HMS Spartiate - The Ship in Room 504

During theSecond World War, the Clyde became a target for German bombers because of the ships being built in the dockyards which lined the river. Something needed to be done to ensure the safety of shipping in the Clyde and the solution was to set up a Royal Naval shore establishment.

The Navy commandeered much of the St Enoch hotel, which was the subject of this Old Glasgow post from the archives, and HMS Spartiate (the elite warrior class in Spartan culture as I’m sure you weren’t wondering) was opened and the Clyde Boat Patrol created.

It was in the confines of room 504 that the other vital role of HMS Spartiate was carried out.
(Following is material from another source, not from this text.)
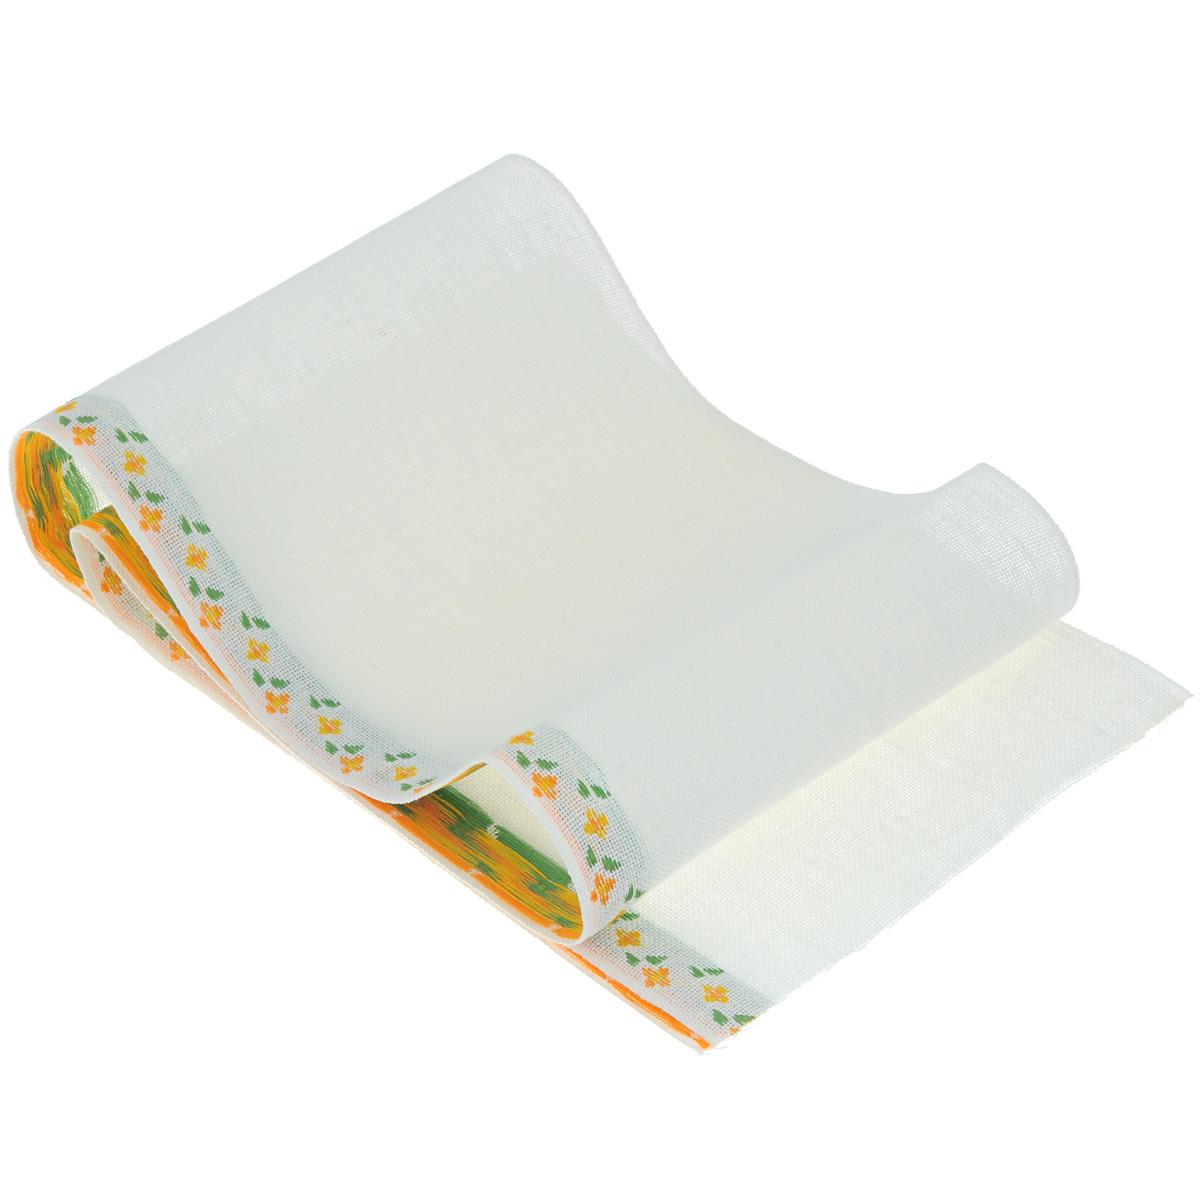 Основа для вышивания крестом или гладью Vaupel & Heilenbeck, с рисунокм, цвет: белый, оранжевый, зеленый, 17,5 х 100 см2070-175-3Основа для вышивания крестом или гладью Vaupel & Heilenbeck представляет собой 11-ти ниточную дорожку, выполненную из 100% льна. По краю дорожка декорирована вышитыми мелкими цветочками. Воплотите свои идеи на этой основе для вышивания! Дорожка, украшенная своими руками, дополнит интерьер любого помещения, а также сможет стать изысканным подарком для ваших друзей и близких.

It was converted into an office and became the de facto home of Lieutenant Commander Edward Seagar and the Clyde Intelligence System. It housed a safe, a camp bed and- perhaps most importantly- a scrambler telephone with a direct line to the Admiralty.

Seagar was dedicated to his role and barely found himself leaving the room over the course of the five years he was stationed there. He spoke seven languages and gathered scraps of information from all over the world. Stories, interrogations and other accounts, Seagar wanted to know it all.

Most of the undercover work done in Glasgow was carried out by three waterfront businessmen, and it was from them that he heard of a neutral Portuguese sailor who had been in Holland visiting family. Seagar took the information and combined it with other bits and pieces he had heard and the intelligence eventually led to a raid on the Philips Radio factory in Eindhoven which totally wiped out production of radios for German tanks.

HMS Spartiate may not have actually been a sea-faring vessel but she played a vital role in protecting Glasgow from German bombs. Which is good because it allowed the council to bulldoze half of it instead.